Key Challenge: Fine-tuning specializes the model on base categories, but this specialization comes at the expense of generality for novel categories. The fundamental reason is that fine-tuning simultaneously processes predictions of both base and novel categories in a unified feature space, causing the model to incorrectly pull novel sample features toward the decision regions of base categories.

Goal: (1) How to identify and separate confused base and novel samples? (2) How to process the two groups of samples separately after separation to eliminate prediction bias? (3) How to enhance the transfer capability of novel categories while maintaining the performance on base categories?

Key Insight: The authors observe that the distribution differences between base and novel samples in the latent representation space can be modeled. Variational inference can learn a structured latent space where the distributions of the two types of samples can be explicitly distinguished. If the confused samples can be separated, a difficult mixed task can be decomposed into two independent and simpler sub-tasks.

Core Idea: Use a variational adapter to learn a structured latent space, separate novel samples from the confused space based on the similarity of latent features, and then apply a divide-and-conquer approach.

Method

Overall Architecture

PVA adds two lightweight variational adapters directly onto the frozen CLIP model—one for the visual modality and one for the textual modality.
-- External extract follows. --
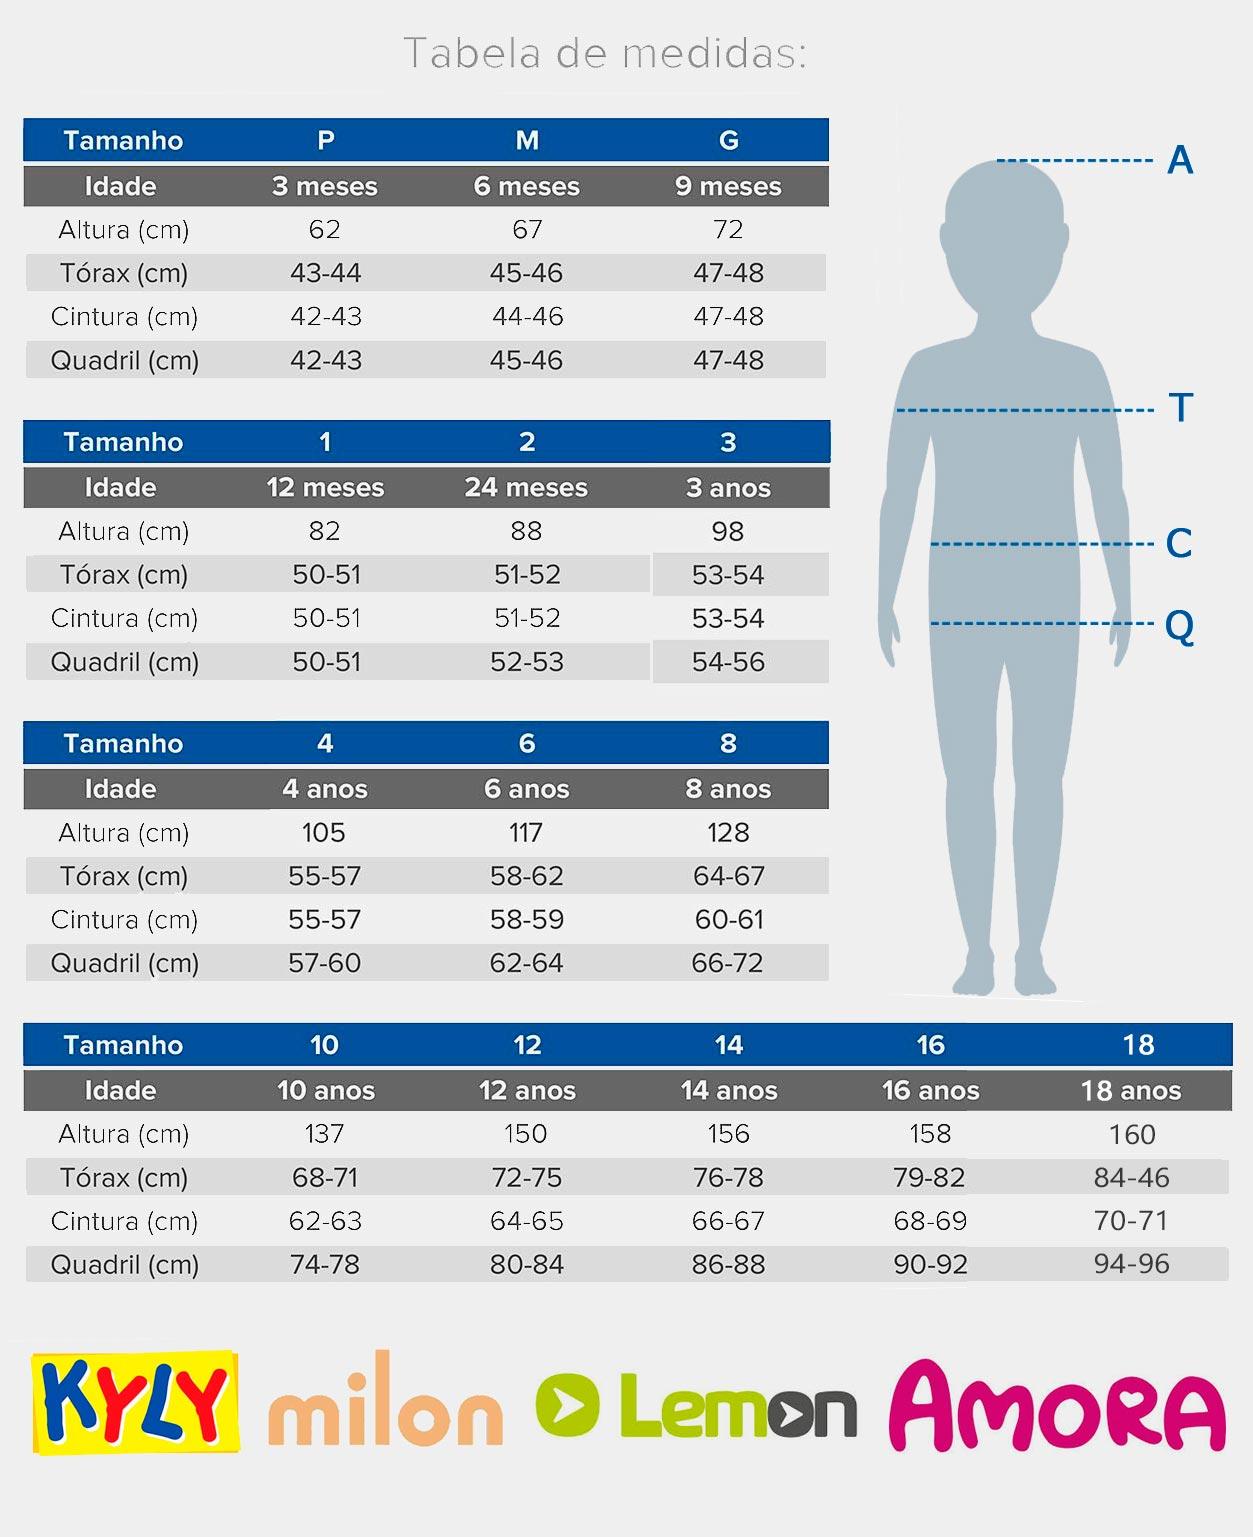 Vestido Feminino Infantil Rosa Dino Love Kyly: Tabela de medidas

Each adapter contains learnable text tokens and a variational inference module. During the training phase, the adapters are trained on base category data to learn the mapping of input features to a shared, structured latent space. During the inference phase, the feature similarity metric in the latent space is utilized to divide the input samples into "base-like" and "novel-like" groups, which are then processed with different prediction strategies.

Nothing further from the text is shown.